Namun, ia melanjutkan, kadang tubuh menghasilkan respons peradangan ringan yang jika tidak diredam dapat menyebabkan masalah yang jauh lebih besar.
Menurut dia, peradangan kronis bisa menyebabkan masalah kesehatan seperti kanker, penyakit jantung, diabetes, dan gangguan gastrointestinal.
Ada banyak mitos tentang peradangan yang beredar, termasuk soal jenis-jenis makanan yang dipercaya bisa memicu peradangan. Tetapi, sebagian besar dari mitos itu telah dibantah oleh hasil penelitian yang solid.

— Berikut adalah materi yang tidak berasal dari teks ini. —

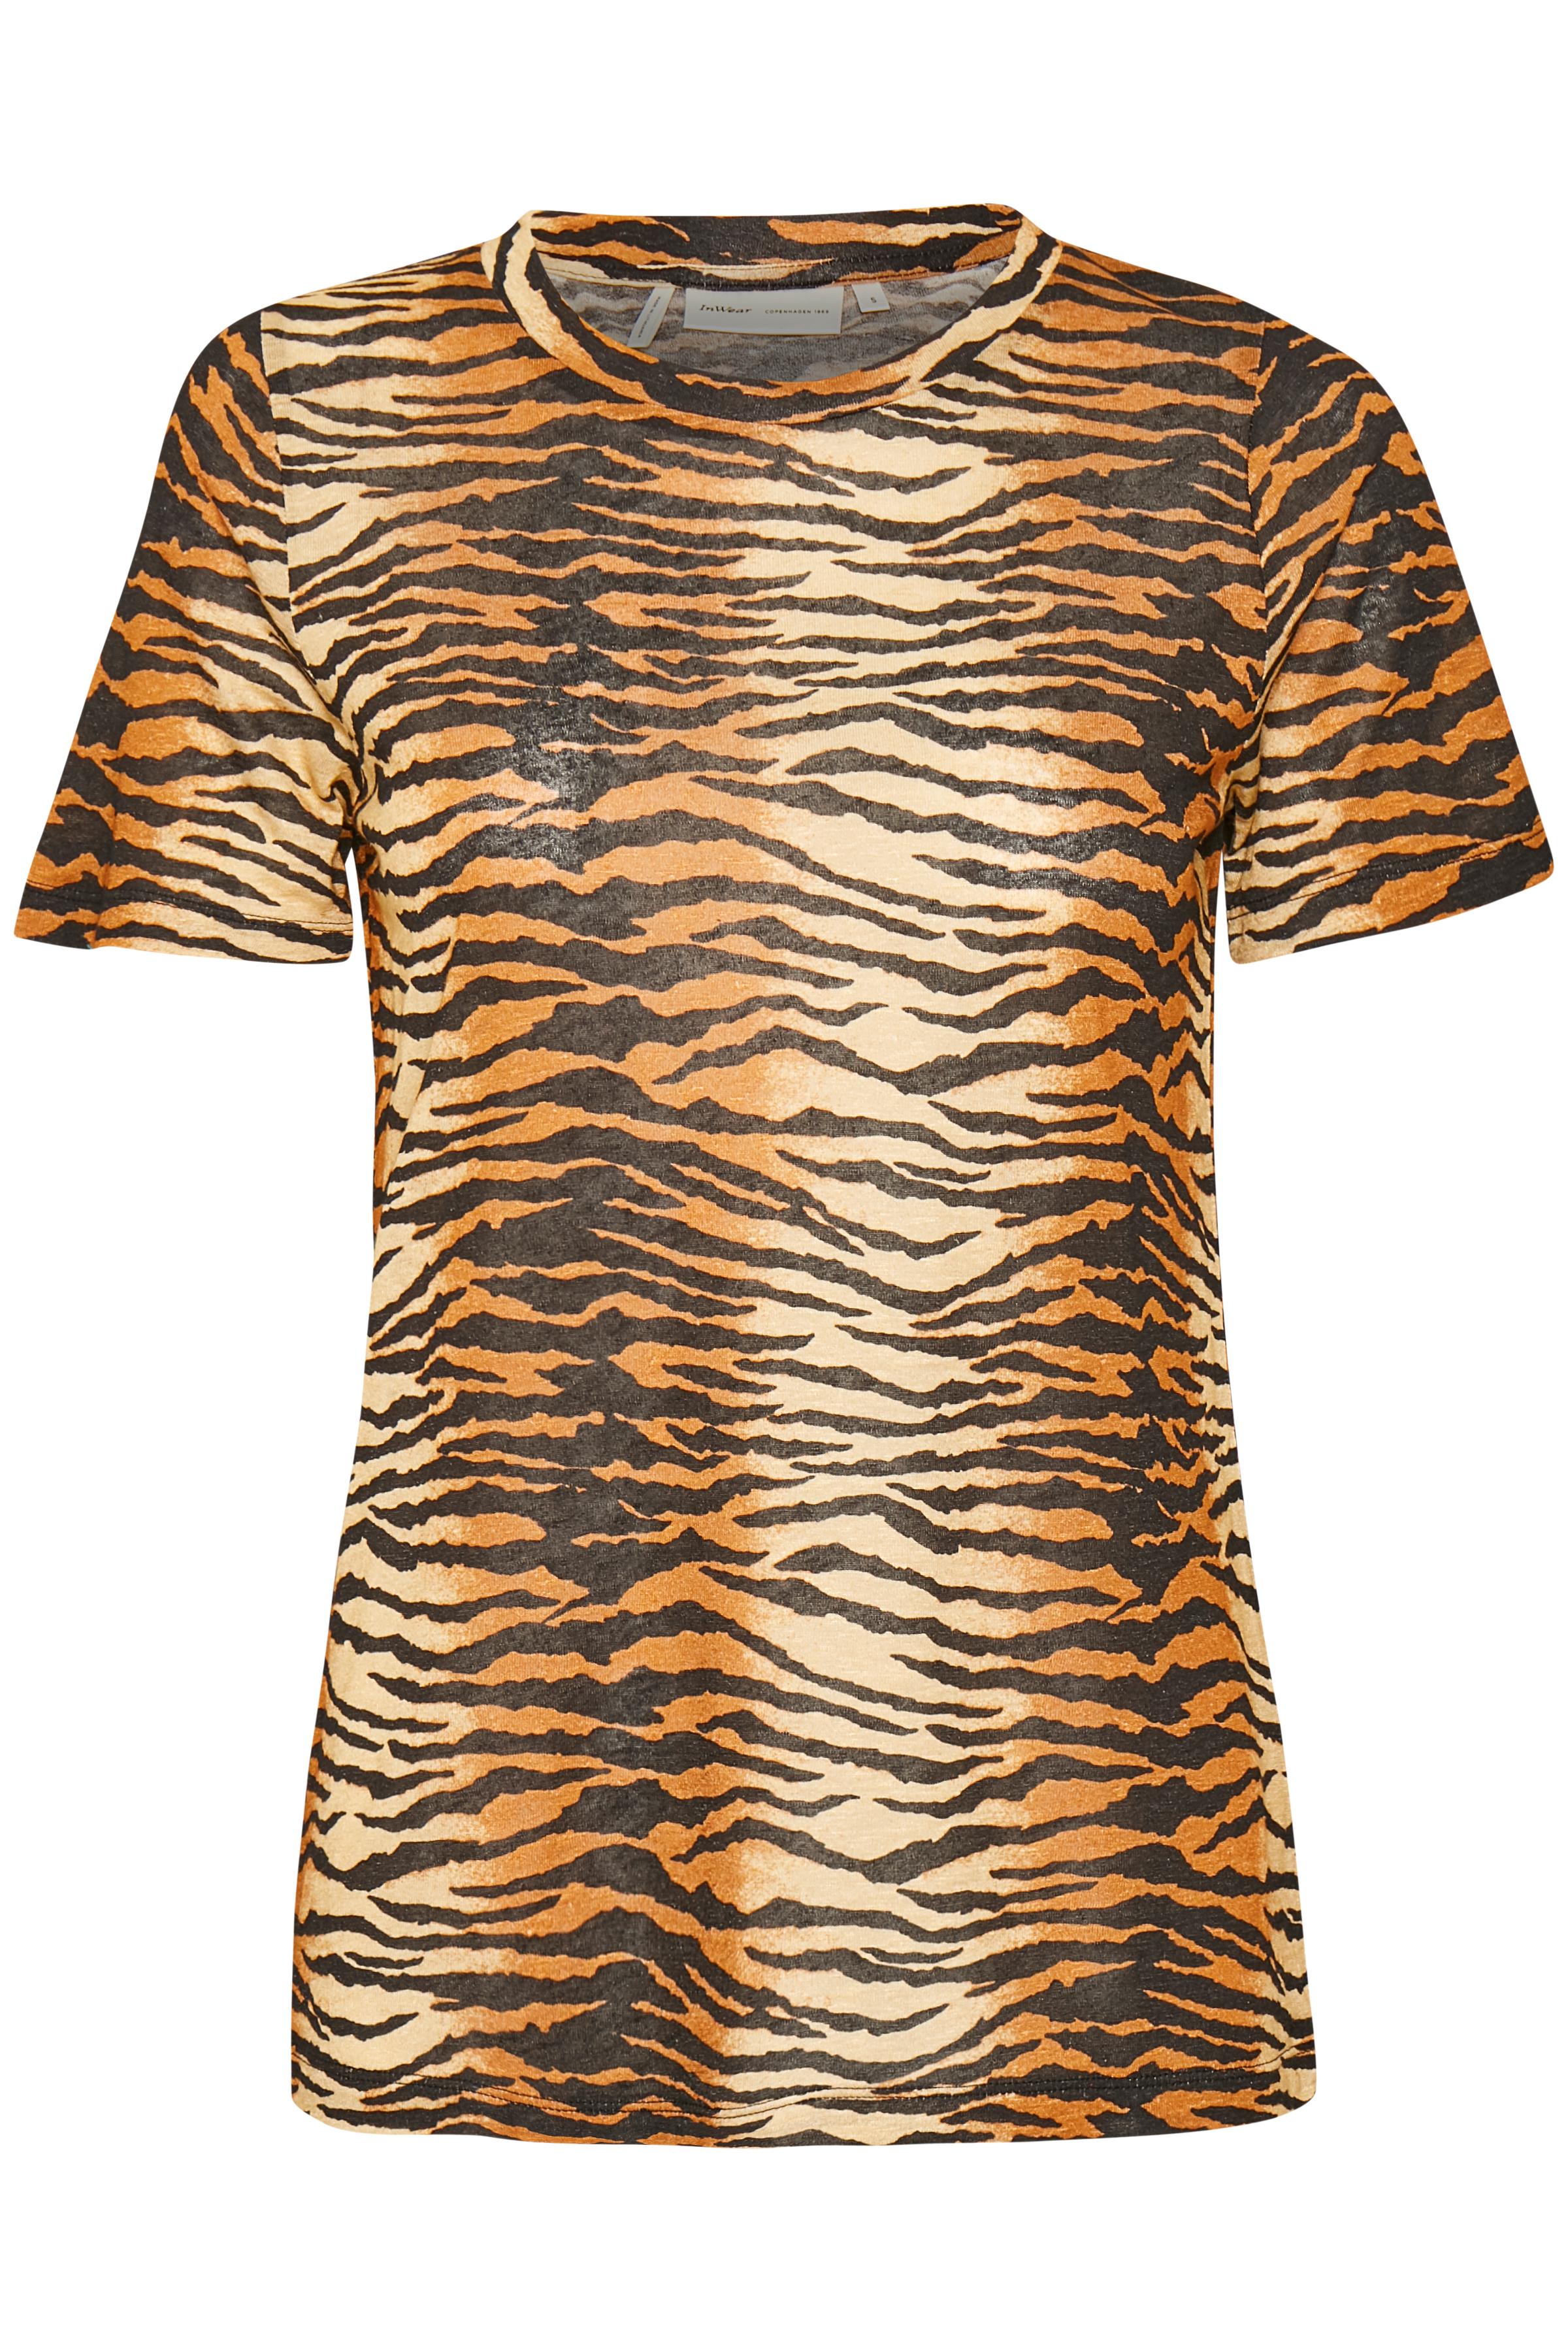 Brown Tiger Stripe

Baca juga: Kata pakar, vaksin polio timbulkan kecacatan adalah mitos
Berikut makanan-makanan yang menurut mitos dapat pemicu peradangan.
Minyak kanola
Di antara pemengaruh ada yang menyebut minyak dari biji-bijian seperti kanola tidak baik bagi kesehatan. Beberapa orang menunjuk kandungan asam lemak omega-6 dalam minyak dari biji-bijian sebagai penyebab peradangan.
Namun, beberapa penelitian menunjukkan bahwa asam linoleat, sejenis asam lemak omega-6 yang ditemukan dalam minyak dari biji-bijian seperti kanola, sebenarnya dapat membantu mengurangi peradangan kronis.
Keseimbangan kandungan asam lemak omega-6 dan omega-3 dalam makanan penting untuk mendapatkan efek anti-inflamasi maksimal.
Kabar baiknya minyak kanola tidak hanya kaya akan asam linoleat, tetapi juga menyediakan omega-3. Satu sendok makan minyak kanola mengandung 1,3 gram omega-3.
"Yang penting adalah seberapa banyak dan seberapa sering Anda mengonsumsi, dan dalam makanan apa Anda konsumsi (omega-6)," kata Amy Bragagnini, MS, RD, CSO , juru bicara Academy of Nutrition and Dietetics.
Baca juga: Kata dokter, penggunaan bra kawat sebabkan kanker payudara mitos
Makanan olahan
Proses pengolahan makanan tidak selalu berdampak buruk bagi tubuh. Spektrum makanan olahan luas, mulai dari yang hanya dicuci lalu direbus sampai dibuat dengan tambahan berbagai bahan melalui proses industri.
Makanan yang diproses secara berlebihan serta mengandung banyak gula tambahan, natrium, karbohidrat olahan, dan lemak jenuh kalau terlalu sering dikonsumsi dapat meningkatkan peradangan dan kemungkinan terjadinya kondisi yang berhubungan dengan peradangan.
Namun, banyak pula makanan dalam kemasan yang cukup bergizi, seperti ikan kalengan yang harganya terjangkau dan sama sehatnya dengan ikan segar.
Kuncinya adalah moderasi, menyeimbangkan konsumsi makanan olahan dengan makanan rumahan yang mencakup banyak buah serta sayuran segar.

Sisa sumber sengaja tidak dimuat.